3. Kolajen Succinylation

  1. Buz soğukluğunda steril su ile mi, 0.5 mg / lik bir konsantrasyon yerli asitlendirildi (pH 2-3), kolajen çözeltisi, diğer 100 mg seyreltilir ve jelleşmesini önlemek için buz üzerinde çözüm tutmak.
  2. 1 N NaOH ile birkaç damla 9-10 kolajen çözeltisinin pH değeri ayarlamak ve 30 dakika boyunca oda sıcaklığında karıştırıldı. Kollajen bulanık olma çözüm neden çöktürmek gerekir.
  3. Suc 40 mg çözülür(kolajen çözeltisinin hacmi inci 20/01) 10 ml aseton içinde cinic anhidrid (kolajen mg'ı başına 0.4 mg) eklenir. Yavaş yavaş (yaklaşık 0.5 mi artışlarla) sürekli pH değerine karıştırılarak kolajen çözeltisi bu karışıma ekleyin. PH 9.0 yaklaşırken 1 N NaOH, 1 veya 2 damla eklenerek pH 9.0'ın üzerinde muhafaza edin.
  4. Aseton içinde süksinik anhidrit katan 120 dakika boyunca oda sıcaklığında karıştırmaya devam edin. Süksinillenmiş kollajen erir olarak açık hale çözüm gözlemleyin. Periyodik olarak 9.0 üstünde kalmasını sağlamak için pH değeri kontrol edin.
  5. 1 N HCI 20 ul artışlarla 4.0 çözeltinin pH ayarlayın. Süksinillenmiş kollajen çökeltiler gibi yine bulutlu çözüm gözlemleyin.
  6. Succinylation sonra santrifüj 25 dakika boyunca 3000 x g'de çözüm süksinillenmiş kollajen pelet. Aspire ve reaksiyona girmemiş süksinik anhidrit ile asidifiye süpernatant atın.
  7. Succinylated kolajen çözülürsteril PBS, 25 ml, 60 mikron hücre süzgecinden çözeltisi tekrar pipetle ml / yaklaşık 3 mg'lık bir konsantrasyonunu vermek ve filtre bölgesi. 1 N NaOH ile 20 ul artışlarını kullanarak 7.3-7.4 çözeltinin pH ayarlayın.
  8. Ticari bir kollajen sıçan ELISA kiti ya da hidroksiprolin tahlil kiti kullanılarak çözeltinin konsantrasyonunu değerlendirin. 3 mg / steril PBS ile ml çözeltisi ile seyreltilir.
  9. Dikkatli bir şekilde şişenin altındaki kloroform 3 ml katman, bir vidalı başlık ile cam bir şişe aktararak süksinillenmiş kolajen çözeltisi sterilize, şişe, 4 ° C, O / N ayarlayın ve daha sonra aseptik olarak kaldırıp saklamak için izin süksinillenmiş kollajen olan üst kat.
  10. 1 ay içinde kullanım için 4 ° C'da, çözelti saklayın.

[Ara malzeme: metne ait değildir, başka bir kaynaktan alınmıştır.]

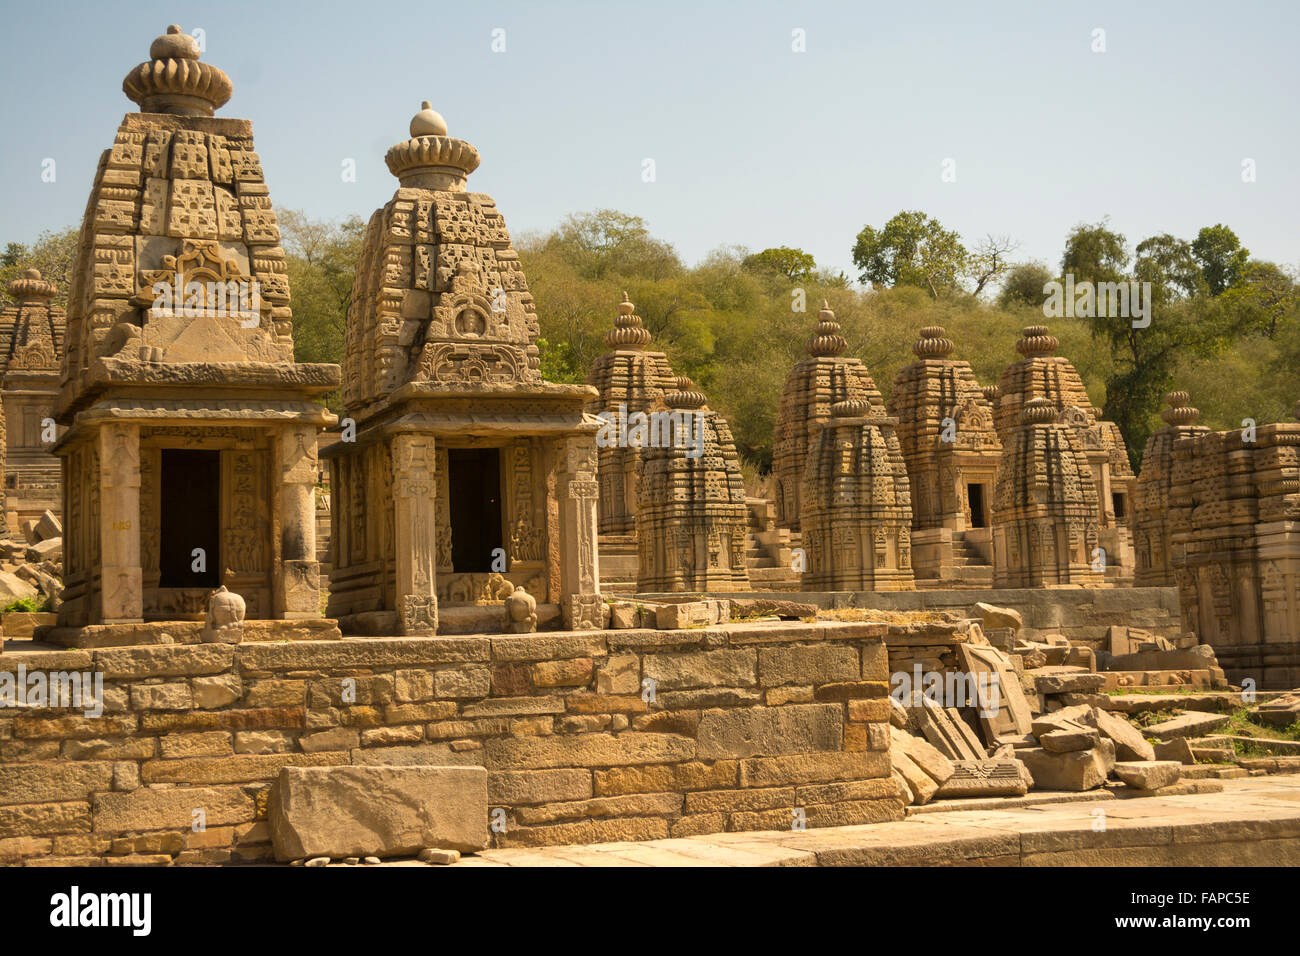 Bateshwar temple ruins Madhya pradesh India Stock Photo
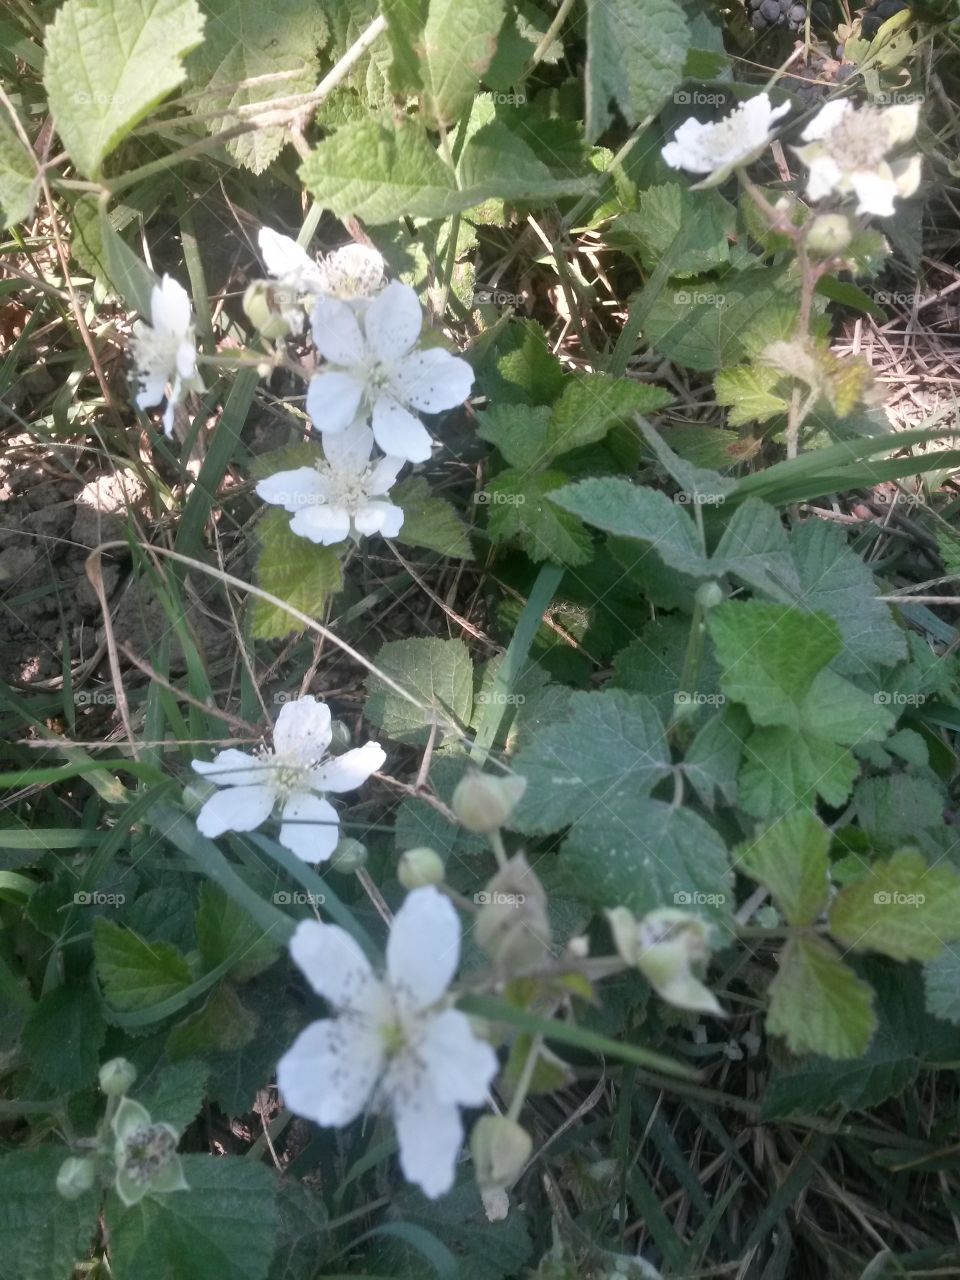 Blackberry flowers

Kollajen Değişiklikler 4. Doğrulama

  1. Doğal olarak metile edilmiş ve süksinillenmiş kollajen çözeltilerin her birinden 1 mi örnekleri hazırlayın ve konsantre seyreltinHidrojen iyonu titrasyon için steril saf su ile 0,1 mg / ml arasında entration. Bundan başka, en azından 4 saat için her 10 kDa kesme membraneusing 3 çözeltisi değişiklikler ile suya karşı diyaliz ile tampon, en az 1000 kat seyreltilir.
  2. NaOH ve HCl az miktarda 7.3 çözeltilerin pH ayarlayın. Doğal olarak metile edilmiş ve süksinillenmiş kolajen çözeltileri için titrasyon eğrilerini oluşturmak için Tanford 16 tarafından tarif edildiği gibi rasgele bir referans olarak pH 7.3 kullanarak, örneğin her biri hidrojen iyon titrasyonu yapın.
  3. Asit hacminin ilişkili H +, molekül başına elektron sayısına karşı eklenirler pH değişimine çizilir. Yüksek pH "Amino" sınıfı, nötr noktasına doğru süksinillenmiş kolajen bir kayma (amin gruplarının kaybı) göstermelidir ve düşük pH "karboksil" sınıfı için metile kollajen sola doğru bir kayma (karboksil gruplarının kaybı göstermelidir ) ve süksinillenmiş kollajen bir sağa kayışı (karboksil grubunda bir kazançs), doğal kolajen ile karşılaştırıldığında.
  4. Standart protokoller 17,18 takiben, 2,4,6-trinitrobenzen sülfonik asit (TNBA) kolorimetrik yöntem kullanılarak succinylation ile ikame nativ kollajen amino gruplarının% belirleyerek succinylation reaksiyonunun etkinliğini değerlendirmek.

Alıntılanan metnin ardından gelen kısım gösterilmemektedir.